● COLLECTED MATERIAL:
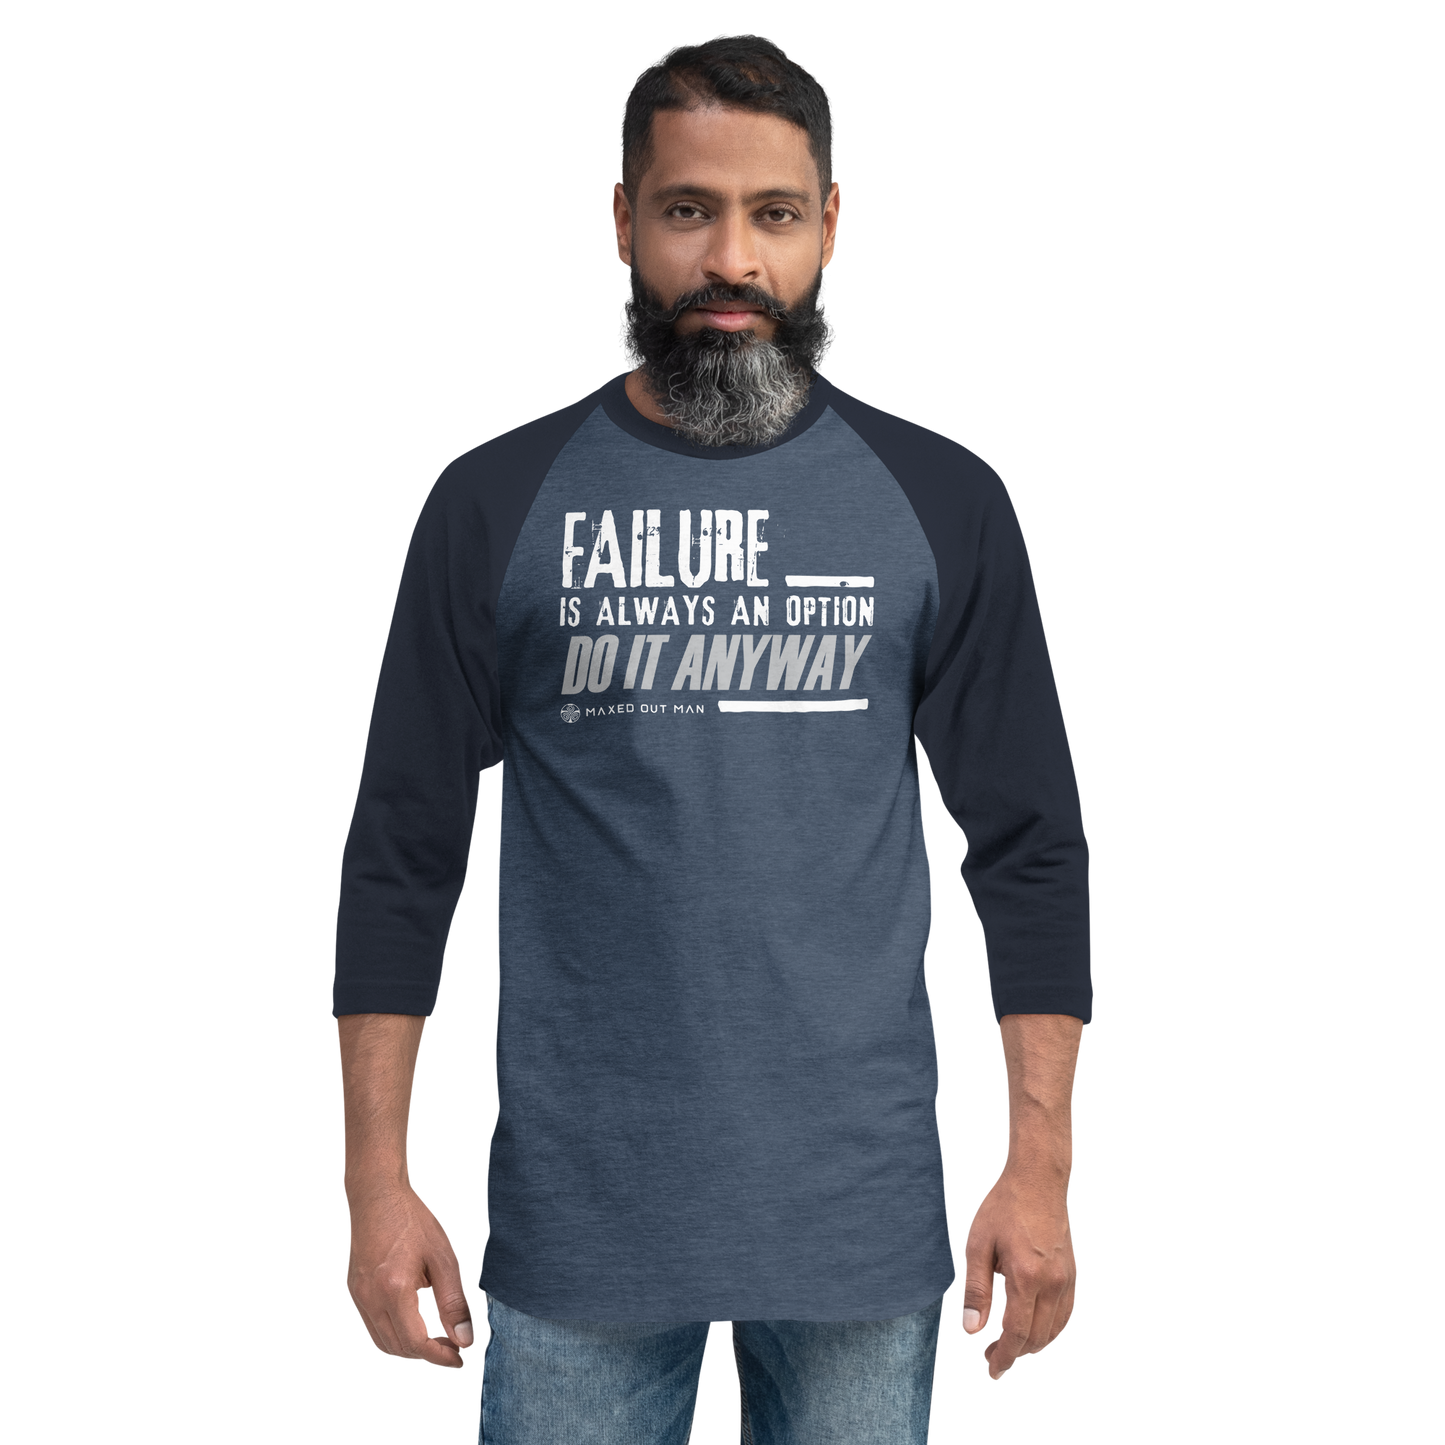 Failure is Always an Option 3/4 Sleeve Raglan Shirt - Darker Colors
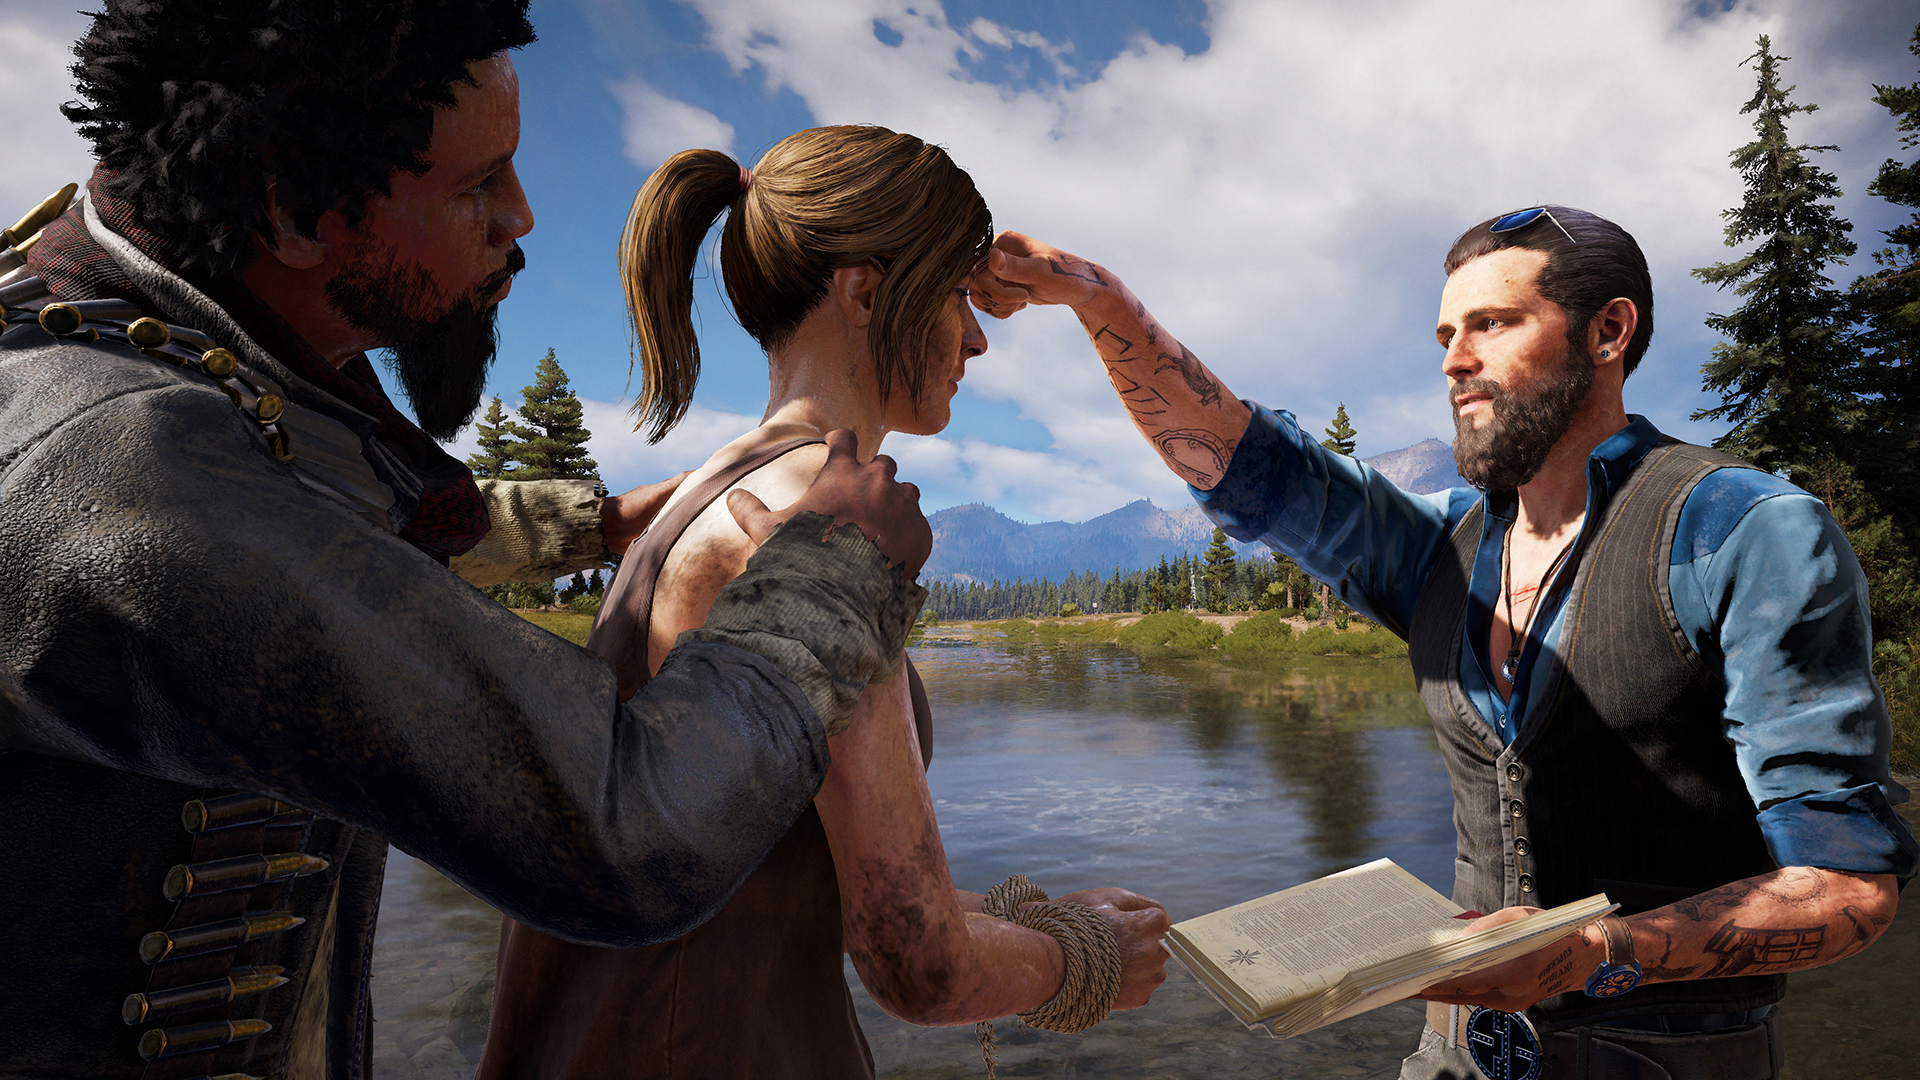 Far Cry 5 runs at native 4K resolution on Xbox One X
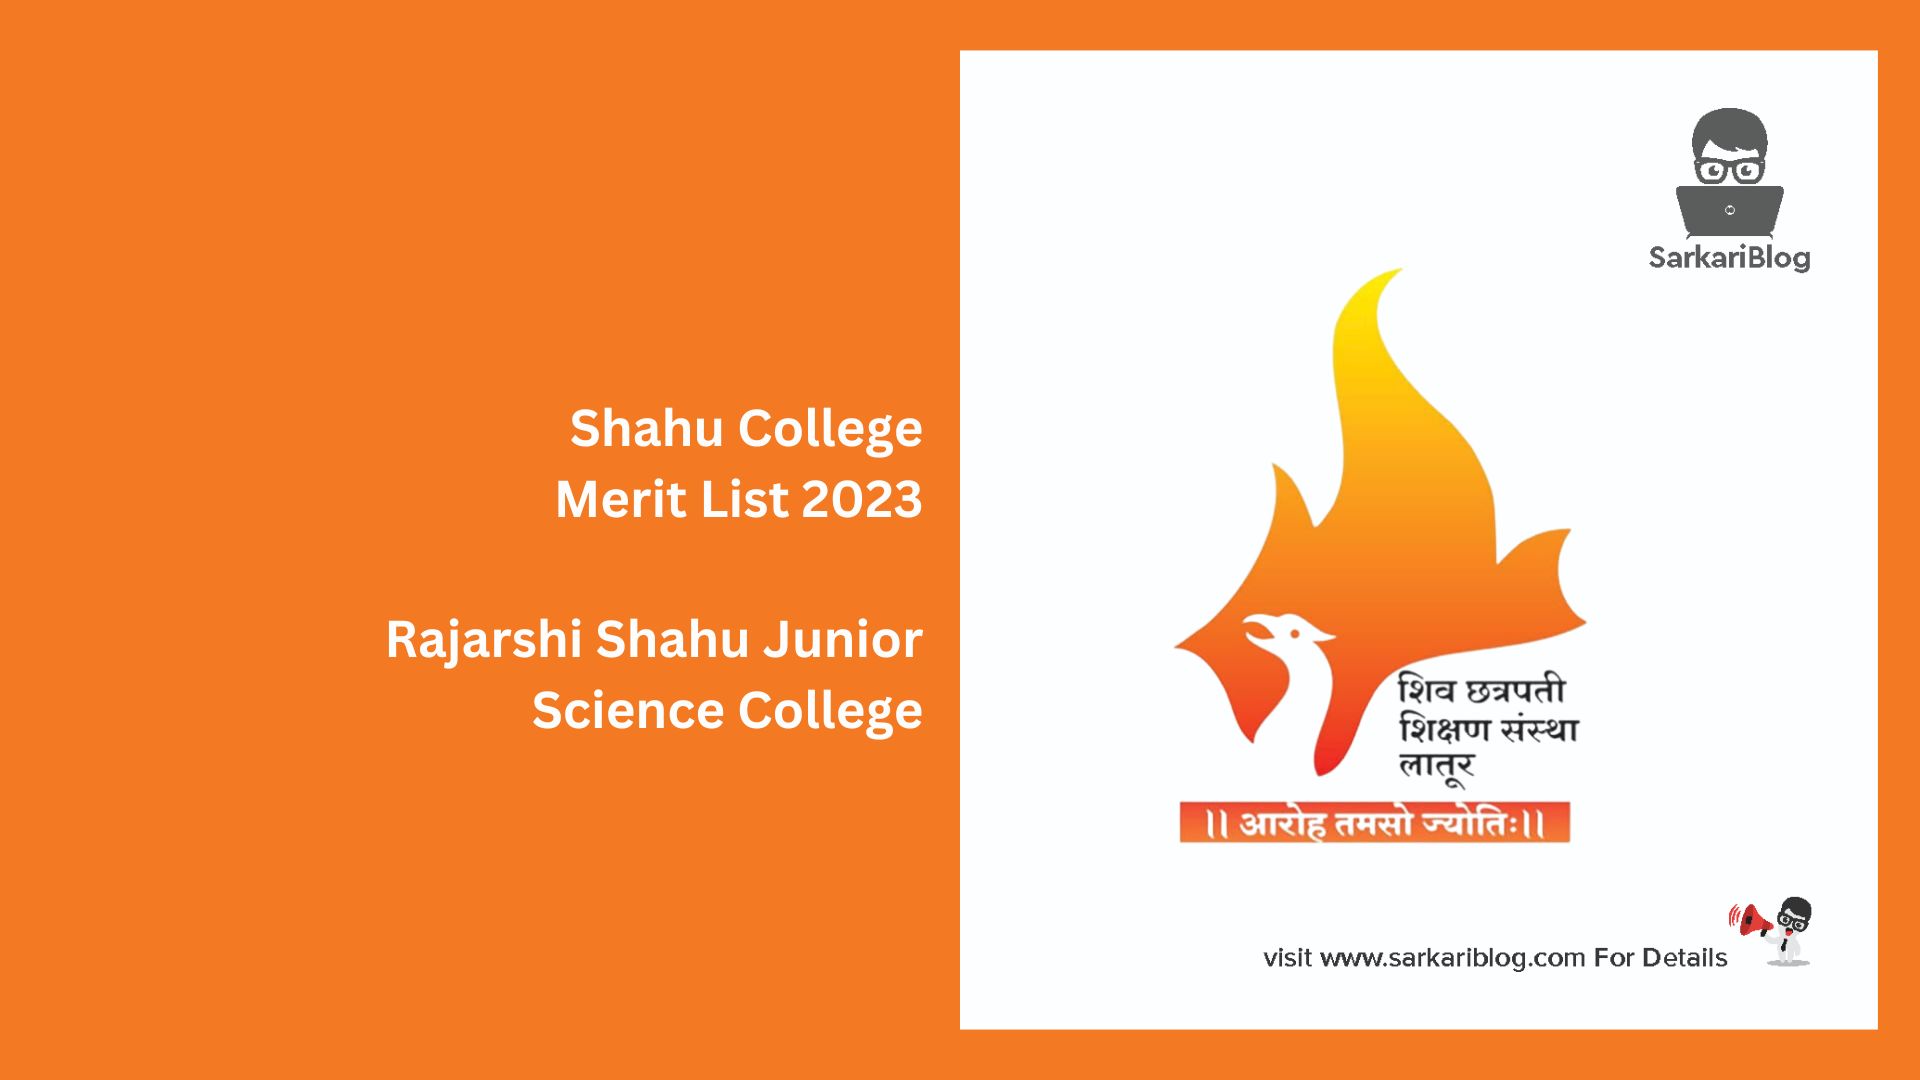 Shahu College Merit List 2023
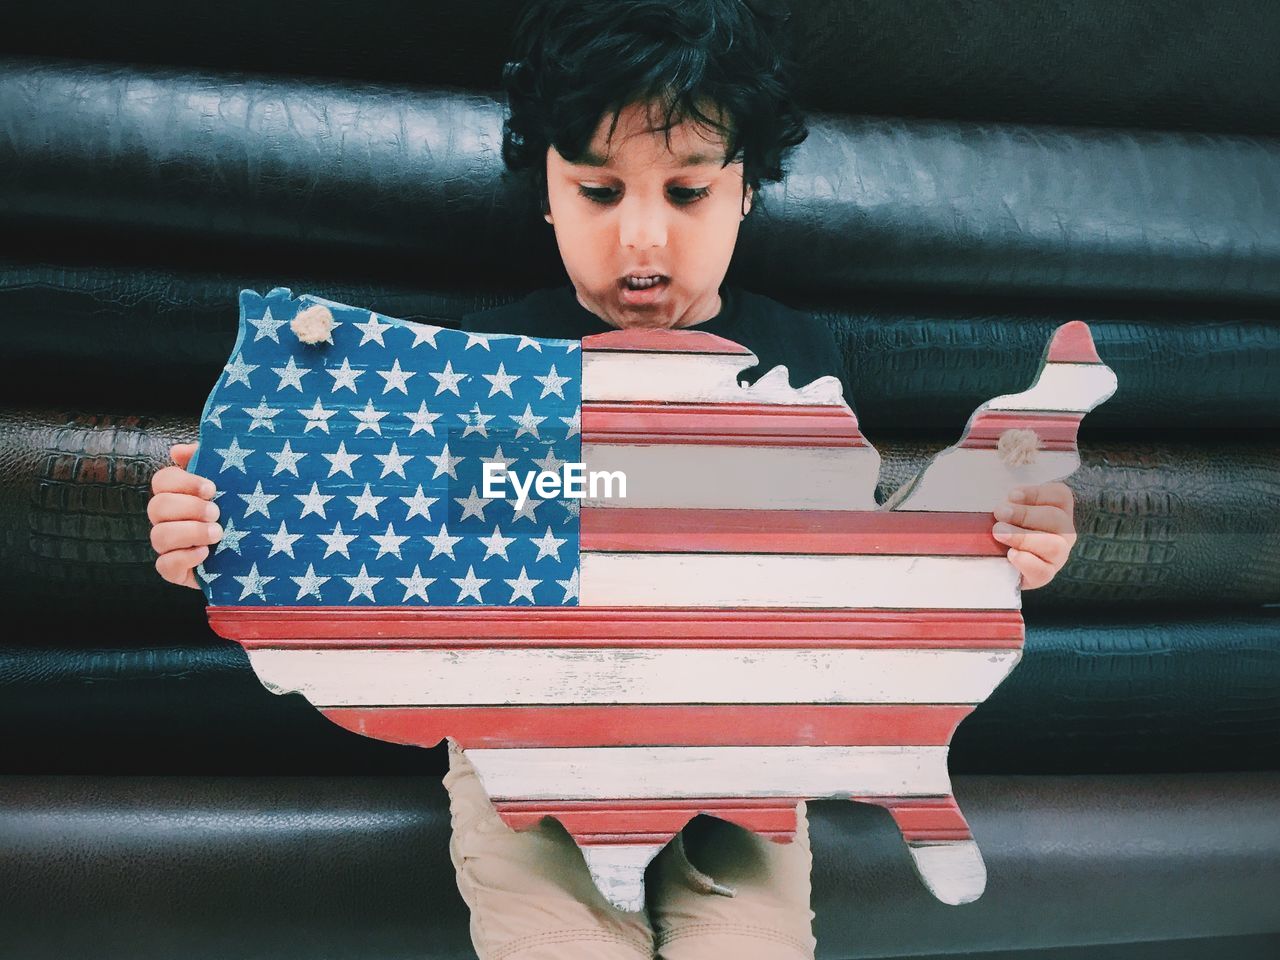 Boy holding american flag map

● TASK BRIEF: Would you retype all the lines shown above, exactly as written and without any picture?

● RESPONSE TO THIS EXERCISE:
 Failure is Always an Option 3/4 Sleeve Raglan Shirt - Darker Colors
 Far Cry 5 runs at native 4K resolution on Xbox One X
 Shahu College Merit List 2023
 Boy holding american flag map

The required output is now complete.